# Help Identify this cat, thanks.



## Snowfan

It was early dawn andlow light. The pics are through screened windows. Seems a little leggy for a bobcat.





While I took these pics there was a coyote in my driveway eating a rabbit. Seemed like the 'yote took the cats meal.


----------



## Critter

Sure looks like a bob cat to me.


----------



## El Casador

Telling by the head, I would say Bobcat also...


----------



## wyogoob

Feet are way too small to be a lynx.


----------



## bowgy

Looks like bobcat, here's a couple I ran across while elk hunting.


----------



## Bax*

Bobcat for sure.

That last pic threw me off. I didn't see your caption about it being a coyote and I kept looking at it thinking "the first couple pics are definitely a bobcat, but that last one looks like a coyote to me."


----------



## Snowfan

Thanks everyone. I'll go with bob too. 

My pics disappeared, at least on my machine. Does this site have a problem with photobucket pics?


----------



## Critter

Looks like the problem is on Photo Buckets end. 

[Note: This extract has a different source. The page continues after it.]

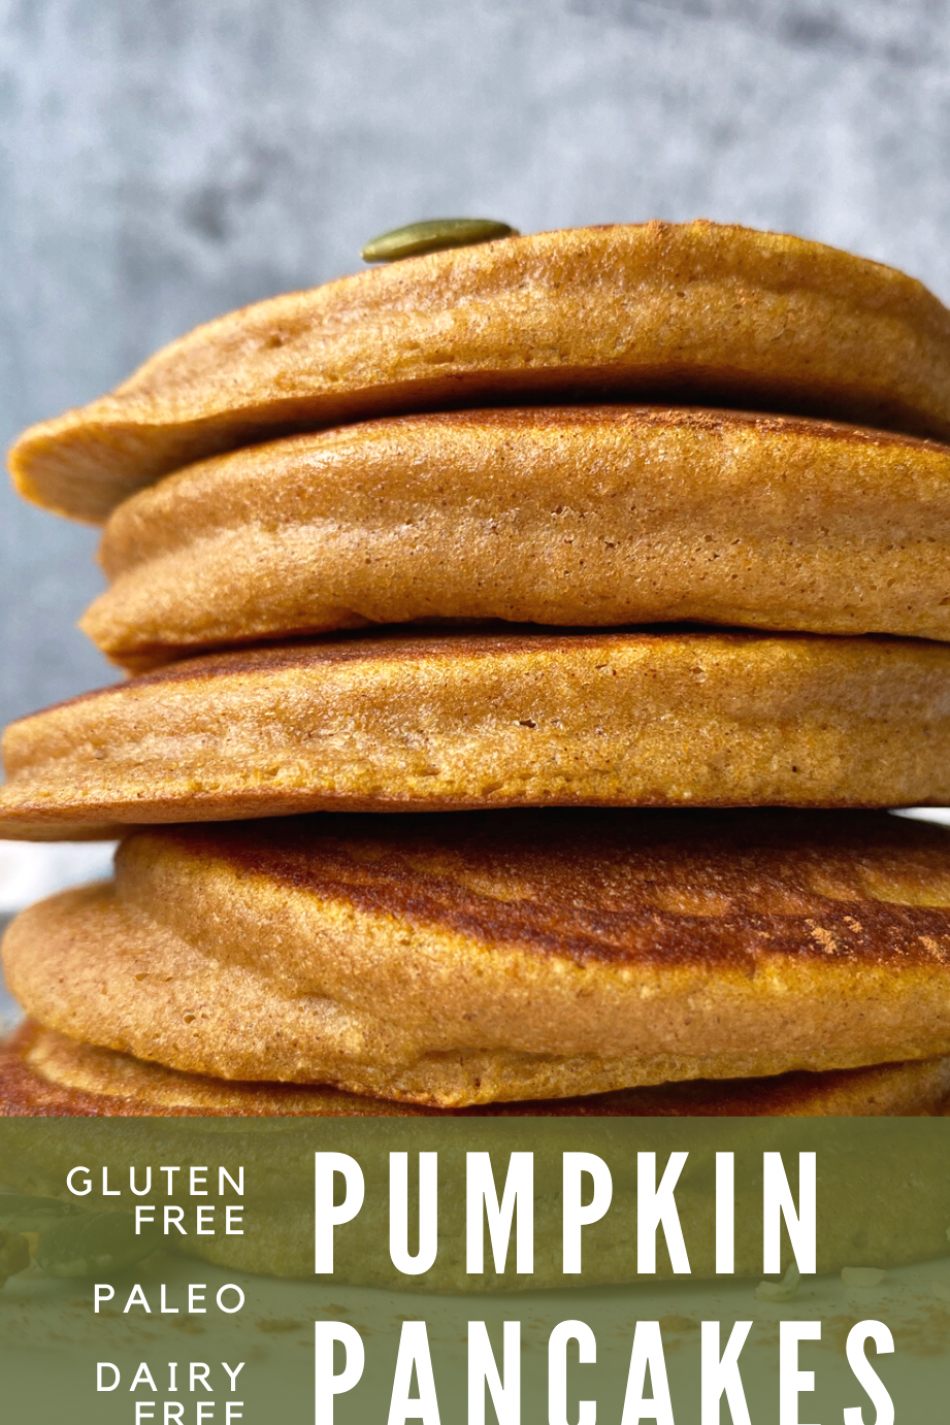 Pumpkin Pancakes (Gluten Free, Dairy Free)

Bax lost his bug that was running around in his signature.


----------



## WillowCreekMan

Definitely A bobcat, and a handsome one at that....Coyotes are bully's. Bobcat probably ran down the rabbit and the coyote, being the thugs they are stole it


----------



## Old Fudd

Looks like a Bobcat. My Grandad was a government trapper back in the 40's and 50's. Can't believe that cat giving up with out a scrap with that Yote. My Grandad said pound for pound the Bobcat is a super Bad A--The guy on the fence looks like he needs a nap, Maybe he had already ate a half a dozen bunnies.cause he looks like me after a Turkey Dinner in November.


----------



## wyogoob

Critter said:


> Looks like the problem is on Photo Buckets end.
> 
> Bax lost his bug that was running around in his signature.


I lost my pics too but I see most of them were back today. The sauerkraut pictures didn't come back. The photobucket tech prolly doesn't like sauerkraut; nobody lies sauerkraut.


----------



## Kwalk3

wyogoob said:


> I lost my pics too but I see most of them were back today. The sauerkraut pictures didn't come back. The photobucket tech prolly doesn't like sauerkraut; nobody lies sauerkraut.


My wife is half Korean half German. She has been instilled with a deep reverence for fermented cabbage by both parents from an early age.

Also, cool bobcat pic in the OP.


----------